A junior football team trapped deep inside a flooded cave in Thailand are making headlines all over the world. Not even the Thai Navy Seals have been able to save them and their chances of survival are bleak. That is, until a pair of middle-aged Britons arrive on the scene. Rick and John don’t exactly look like action heroes; one is bald, the other bespectacled, and both could be described as bumbling. But they are two of the world’s best cave divers, and in 2018 they led one of the most dramatic rescue missions of recent times.

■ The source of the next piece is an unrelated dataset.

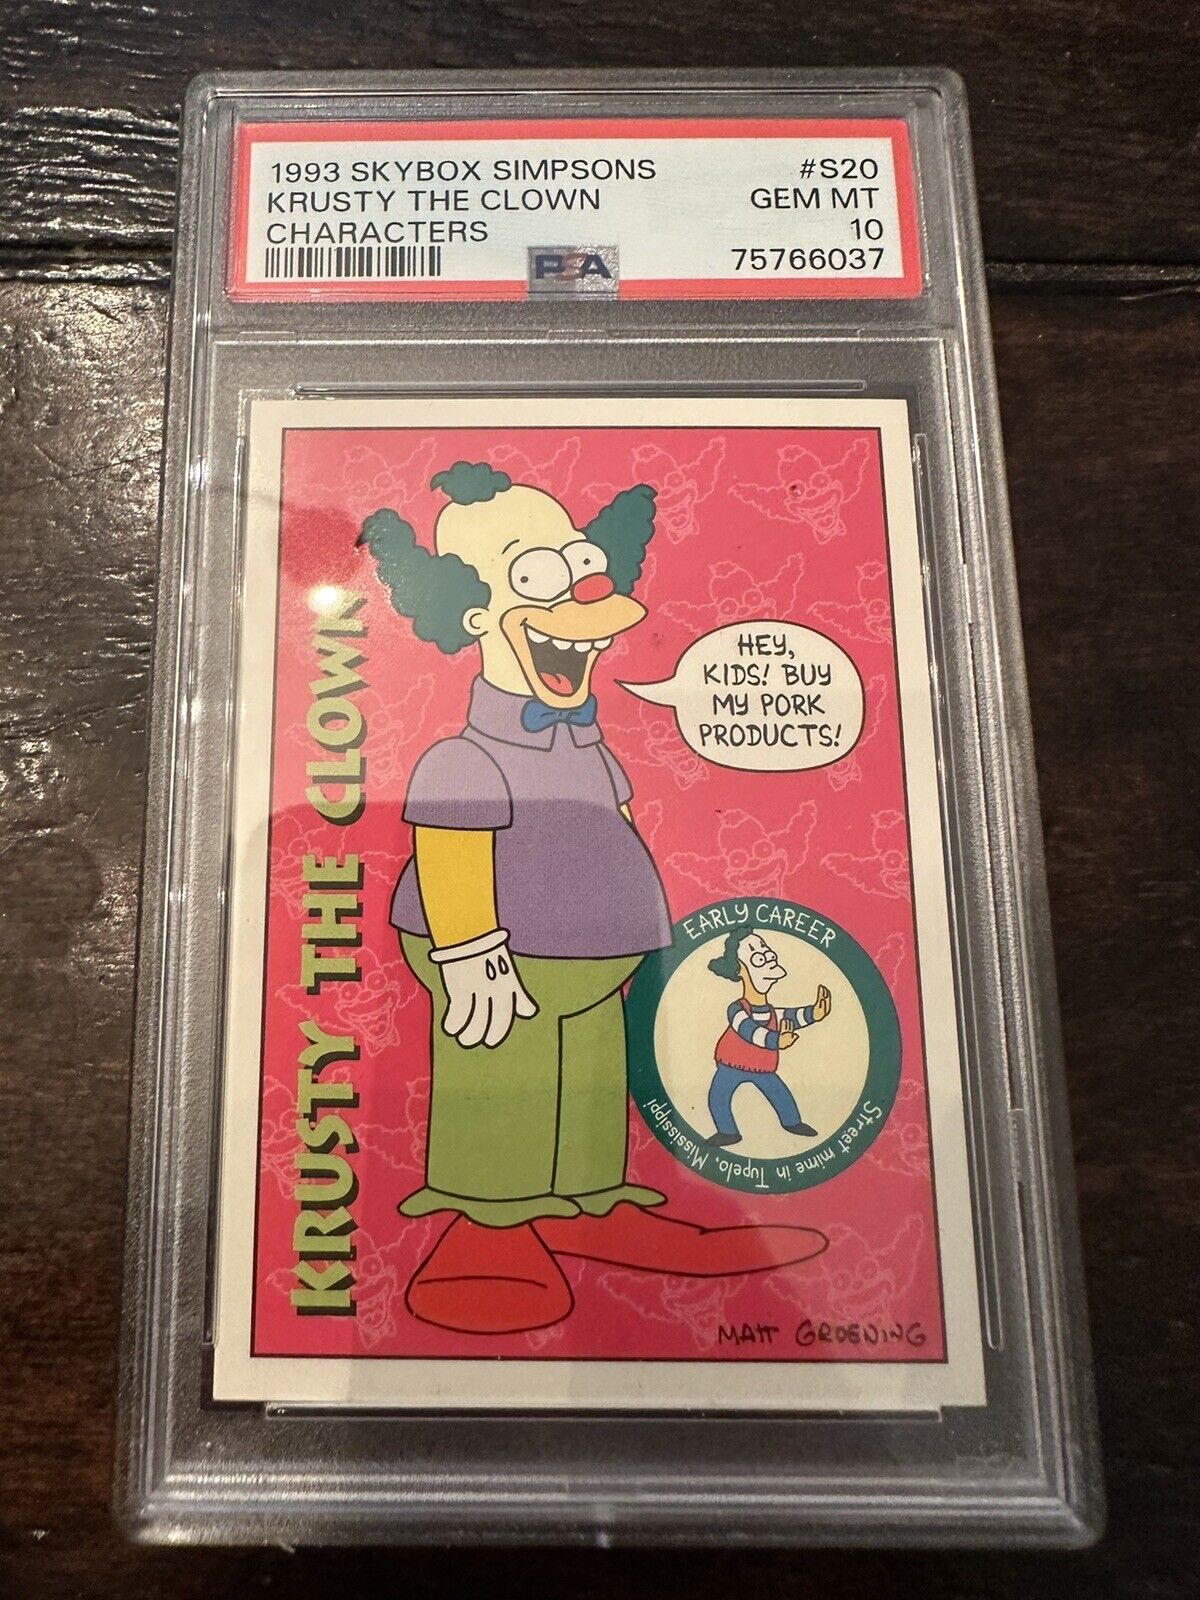 The Simpsons - 1993 Skybox Trading Cards #S20 KRUSTY THE CLOWN PSA 10

This hugely involving documentary from Elizabeth Chai Vasarhelyi and Jimmy Chin, the directing duo and married couple behind the Oscar-winning climbing documentary Free Solo, centres on the rescuers rather than the rescued (the rights to the boys’ story were speedily bought for another project, by Netflix). Twenty-four-hour news coverage of the event is integrated seamlessly with footage filmed by locals and reconstructions starring the divers themselves. Vasarhelyi and Chin recreate the sense of the clock running down as oxygen levels in the cave decrease, while the monsoon outside rages.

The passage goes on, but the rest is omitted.